I ordered the fluid at good hifi, a company in the Netherlands. On their website they advise to fill the gap up to 75% of the height with the ferro fluid. You have to take into account that the level will rise once you put the voice coil back into its position. By reading your application method it seems that you do not fill the gap all the way up to 75%. Am I correct? I also believe that too much fluid creates a problem.
Hoe did you clean the gap. Poor some alcohol in it and clean it with a piece of cloth?
 
Thanks for your quick responses and helpfull information.
I ordered the fluid at good hifi, a company in the Netherlands. On their website they advise to fill the gap up to 75% of the height with the ferro fluid. You have to take into account that the level will rise once you put the voice coil back into its position.
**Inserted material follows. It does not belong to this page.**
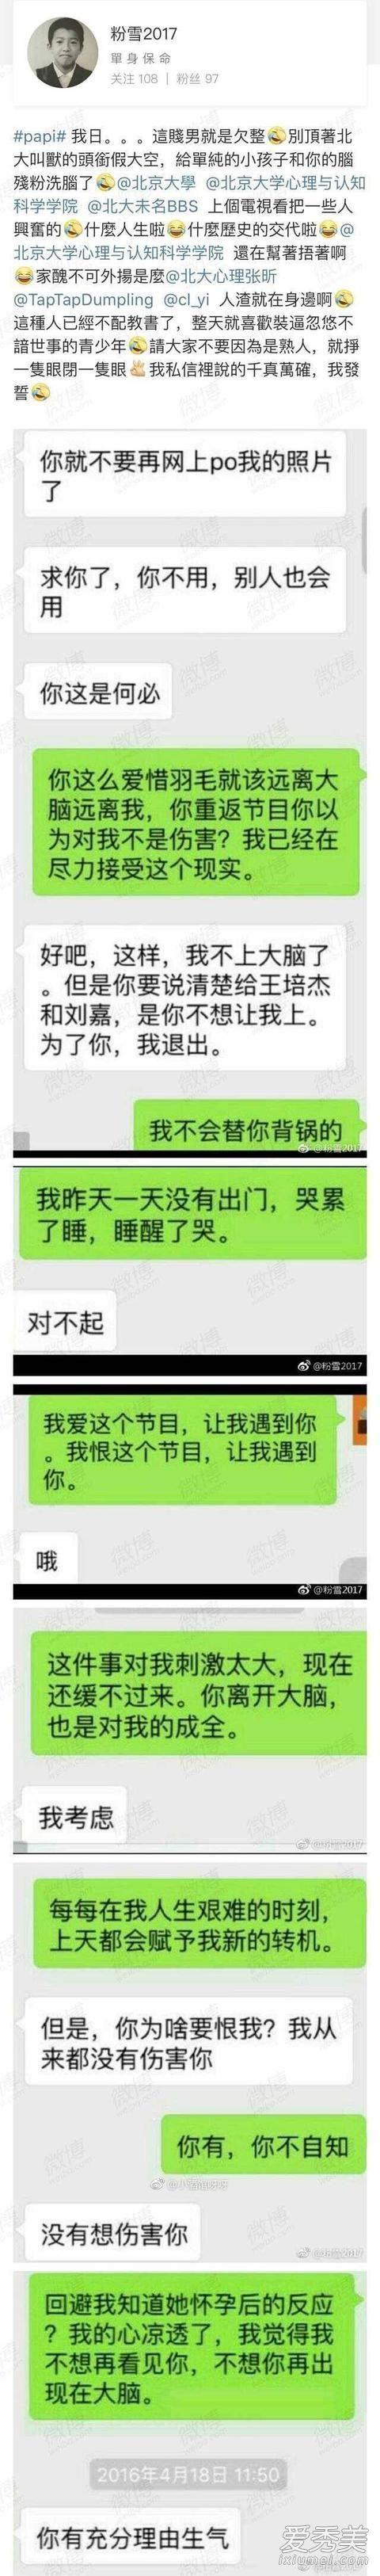 魏坤琳出轨桑洁事件始末详情,桑洁个人资料微博家庭背景

By reading your application method it seems that you do not fill the gap all the way up to 75%. Am I correct? I also believe that too much fluid creates a problem.
Hoe did you clean the gap. Poor some alcohol in it and clean it with a piece of cloth?

With the 6 KEF tweeter's I've done, the fluid becomes suspended once it flows into the gap - towards the surface. there's no telling exactly how deep the fluid goes because it's mainly pulled towards the front of the air gap (so far as I've seen.)

My rule of thumb has been to sink the vial about half way in, and dispense enough to complete the ring. All my tweets have been bright and lively (just about everything is an improvement over the gunk that was left in that gap before). Remember - it's supposed to conduct heat from the coil - and help cool/lubricate it. You don't need a ton - but what you do have, needs to be complete around the entire gap.

Cleaning the gap involved using heavy paper stock (think post-card thickness paper)- and wetting it a little with rubbing alcohol and running it around the airgap. Taking ordinary printer paper folded in half (for thickness) worked too - but the card stock paper was easier to work with once it gets a little wet. Keep using clean pieces until you quit getting "skid marks" on the paper. :)
 
My 103/4s are 24 yrs old and I am going to replace the ferrofluid. After google-ing this topic, it seems that the ferrofluid viscosity may be important. Someone on one website said viscosity should be 75 for Kef tweeters. You said your tweeters sound great after a refurb, so I will defer to you. Where did you get your ferrofluid and what viscosity? Thanks
 
My 103/4s are 24 yrs old and I am going to replace the ferrofluid. After google-ing this topic, it seems that the ferrofluid viscosity may be important. Someone on one website said viscosity should be 75 for Kef tweeters. You said your tweeters sound great after a refurb, so I will defer to you. Where did you get your ferrofluid and what viscosity? Thanks

I used the ferrotec fluid from Partsexpress. I will say that I did some searching and merely opted for the easiest audio-quality ferrofluid to purchase. I don't think viscosity fluctuates wildly amongst ferrofluids for speakers - I'm sure it'll become less viscous as it dries up anyway ;)

You will need about 100ml per tweeter - I bought the 900ML so I could do a bunch of tweeters

http://www.parts-express.com/ferrof...source=google&utm_medium=cpc&utm_campaign=pla

Feel free to ask any questions - I get instant updates to this thread and try to respond quickly. I've done refurbs on 3 NT-25s (like in the 103/4) and three NT-19s. They all used this Ferrotec fluid and sound great.
 
Wow. Thanks so much. I just realized my reference 3s unis have stopped working. Kef says too bad. Debating wether to buy new. (Ouch) or search ebay. Your solution rocks! Thanks so much! Expect dumb questions.